==== Source data ====
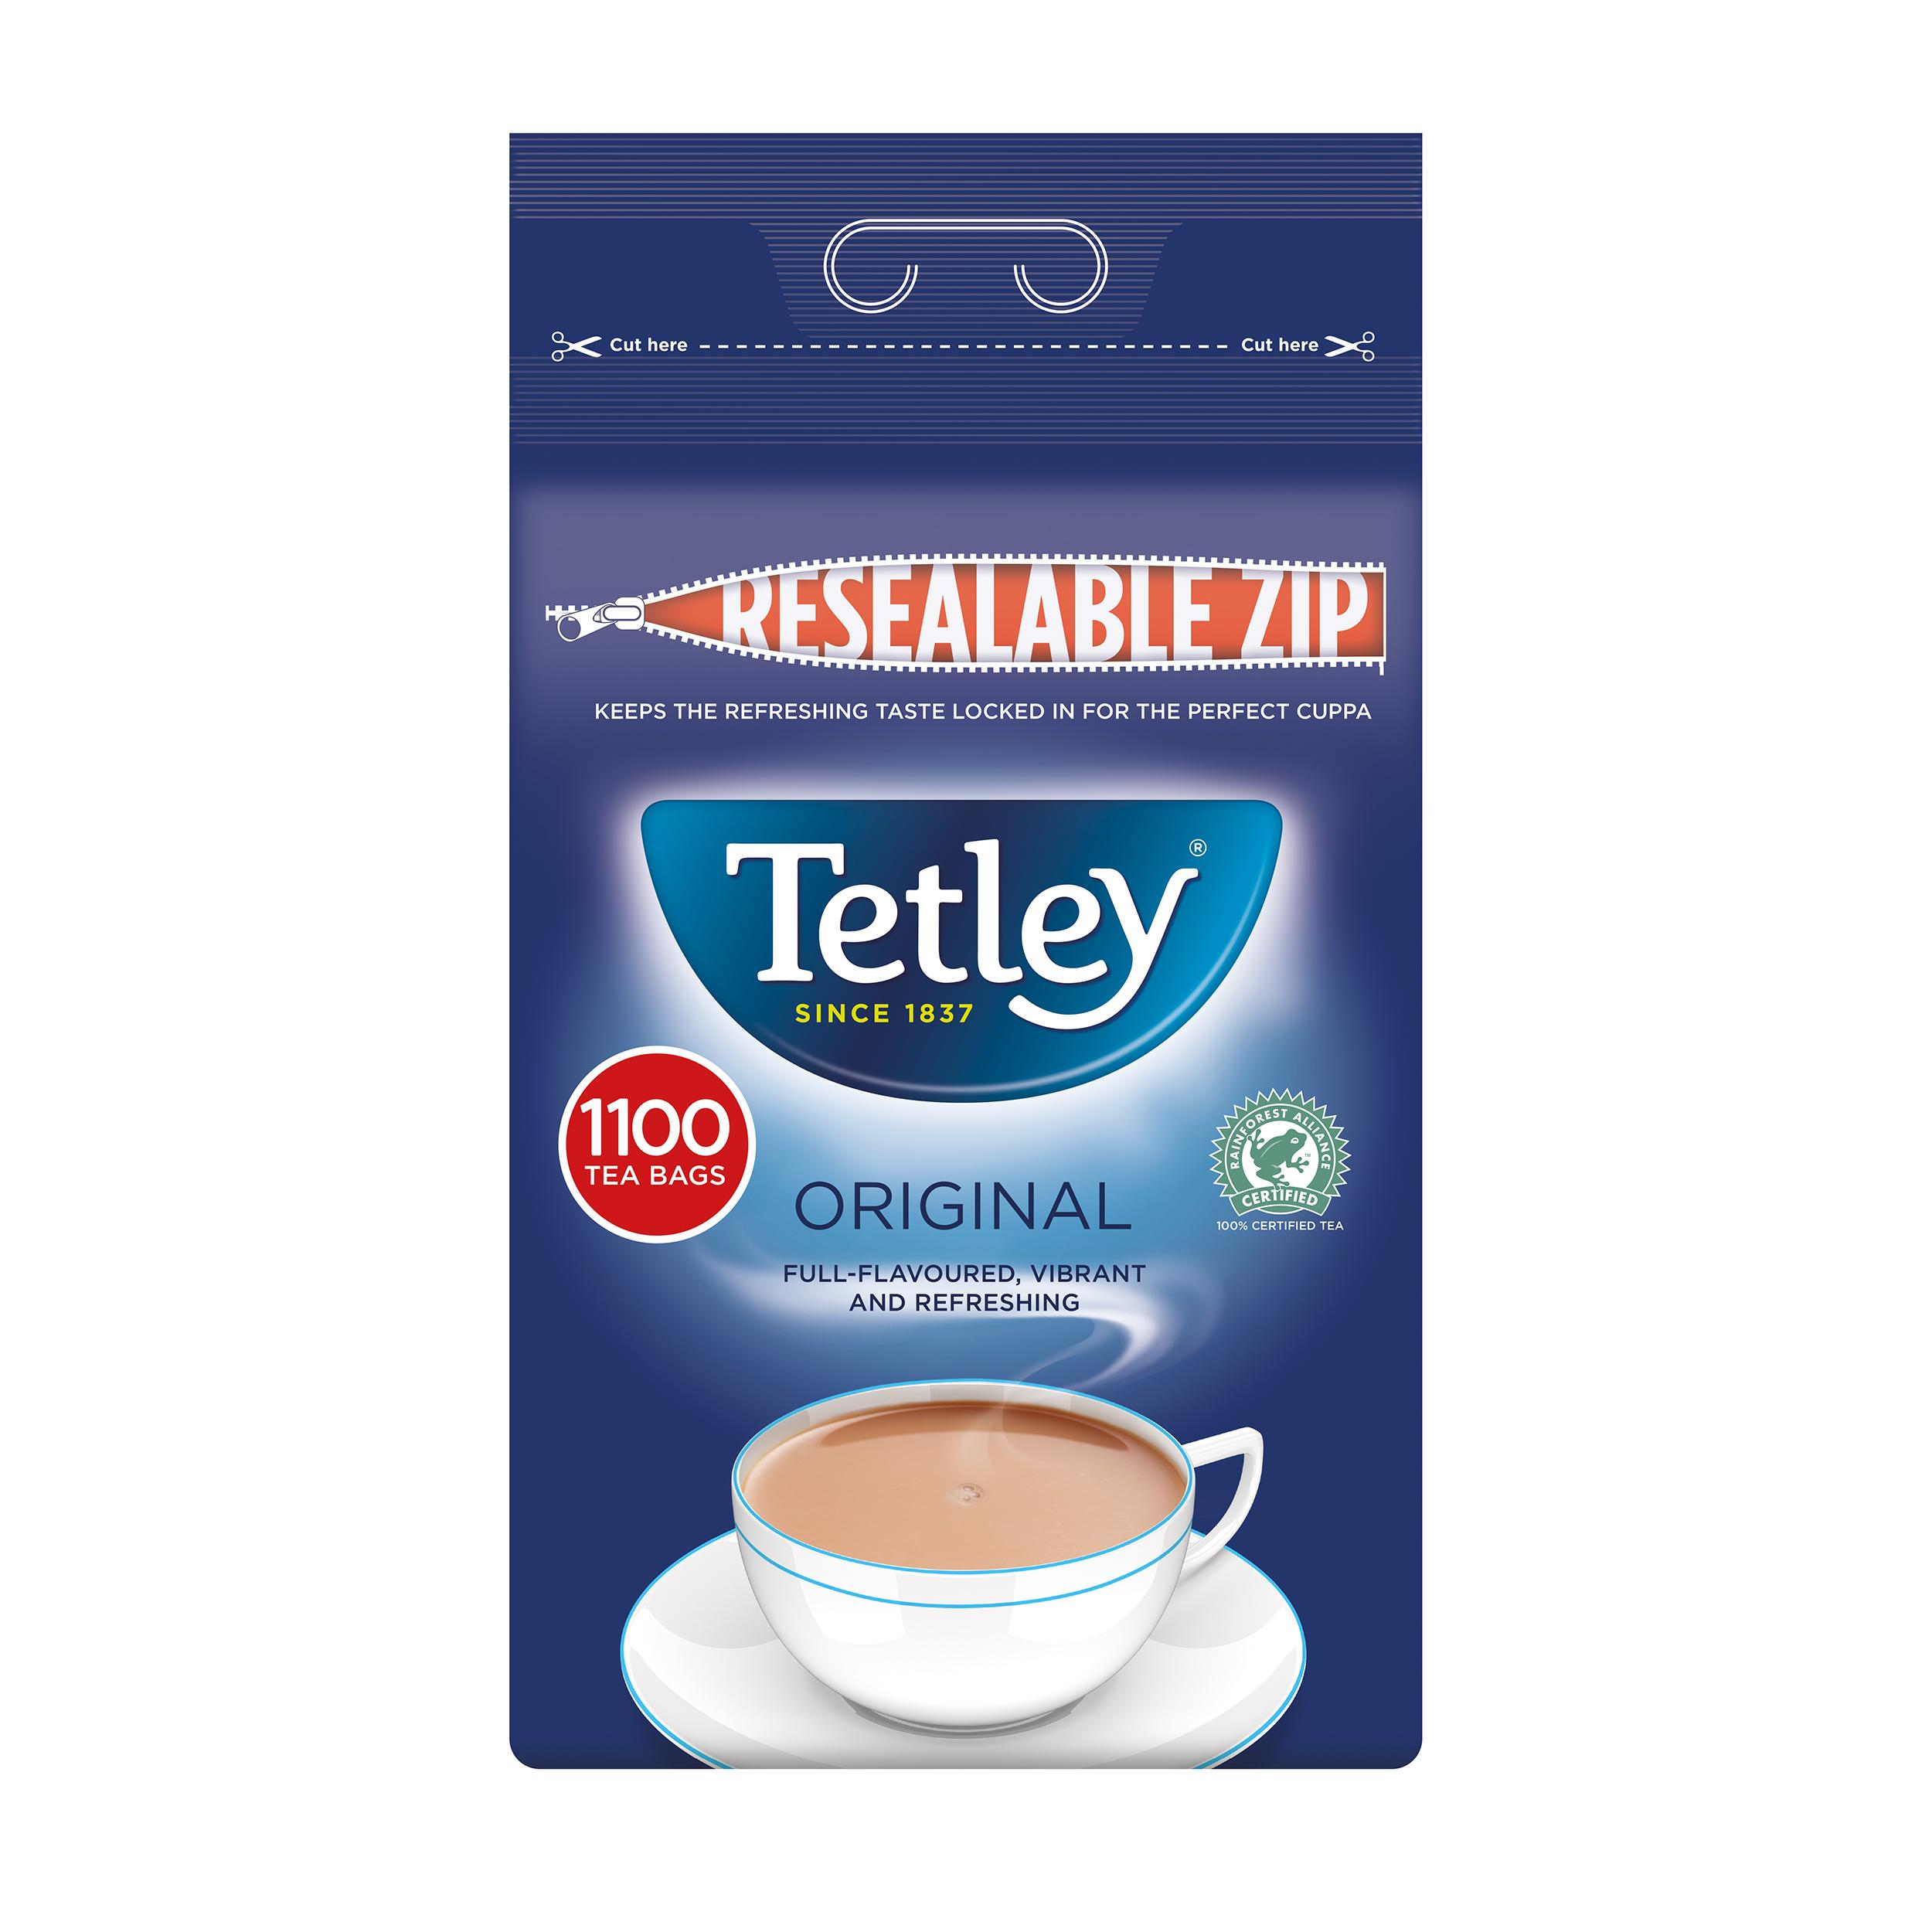 Tetley 1100 One Cup Teabags
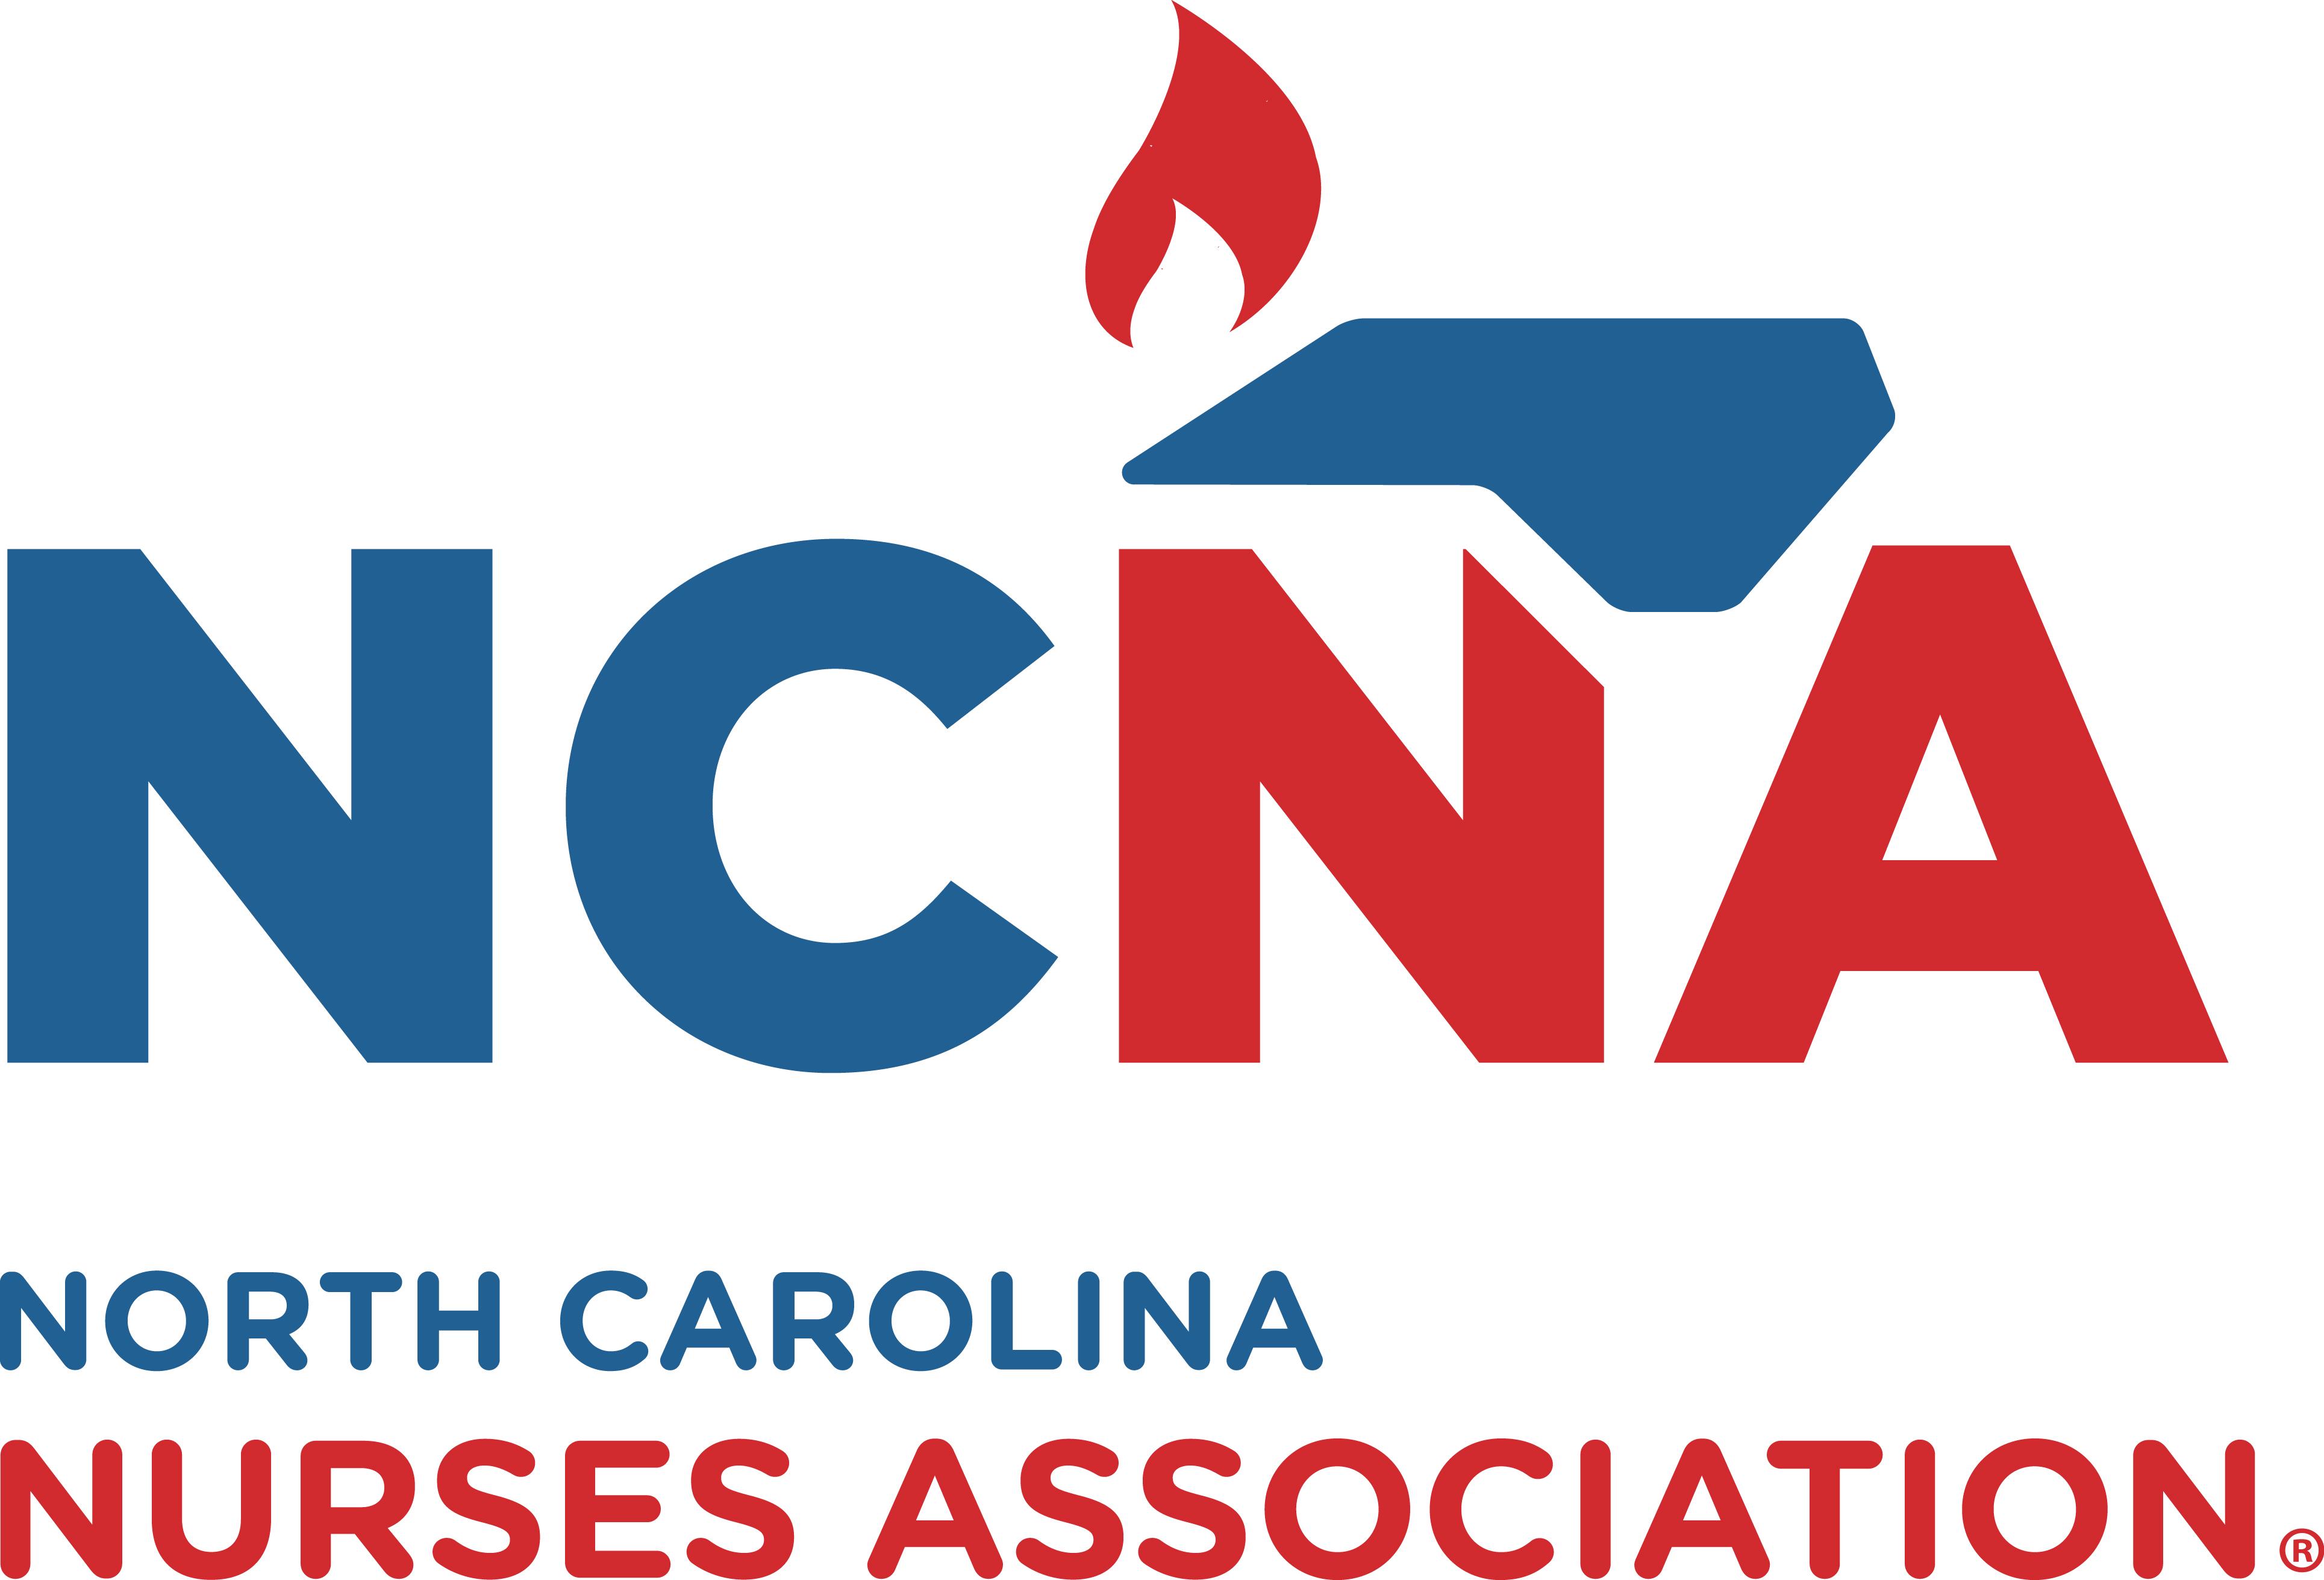 North Carolina Nurses Association
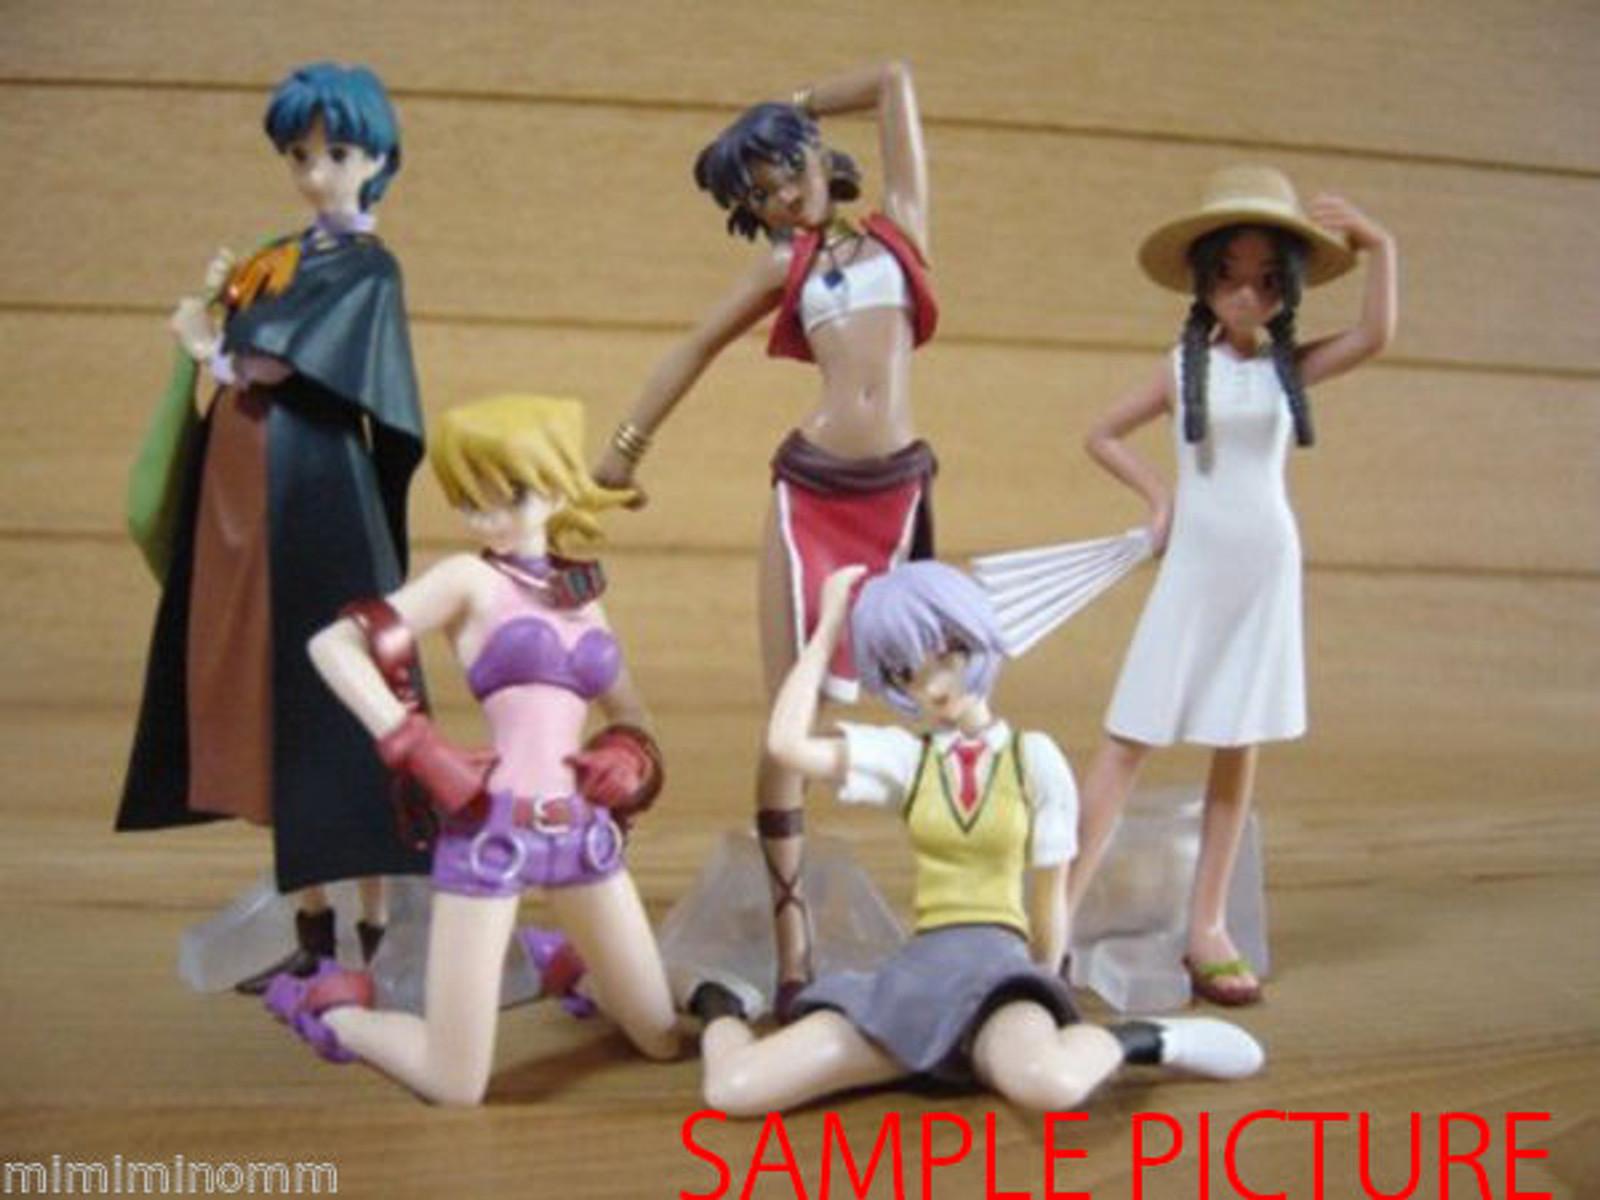 Set of 5 GAINAX Heroines Mini Figure Vol.1 [Leiqunni/Nadia/Rei/Arumi/Sayoko] JAPAN
====
- **Work task**: Pictures are not part of the copy; transcribe the rest of the data verbatim.

- **Task result**:
 Tetley 1100 One Cup Teabags
 North Carolina Nurses Association
 Set of 5 GAINAX Heroines Mini Figure Vol.1 [Leiqunni/Nadia/Rei/Arumi/Sayoko] JAPAN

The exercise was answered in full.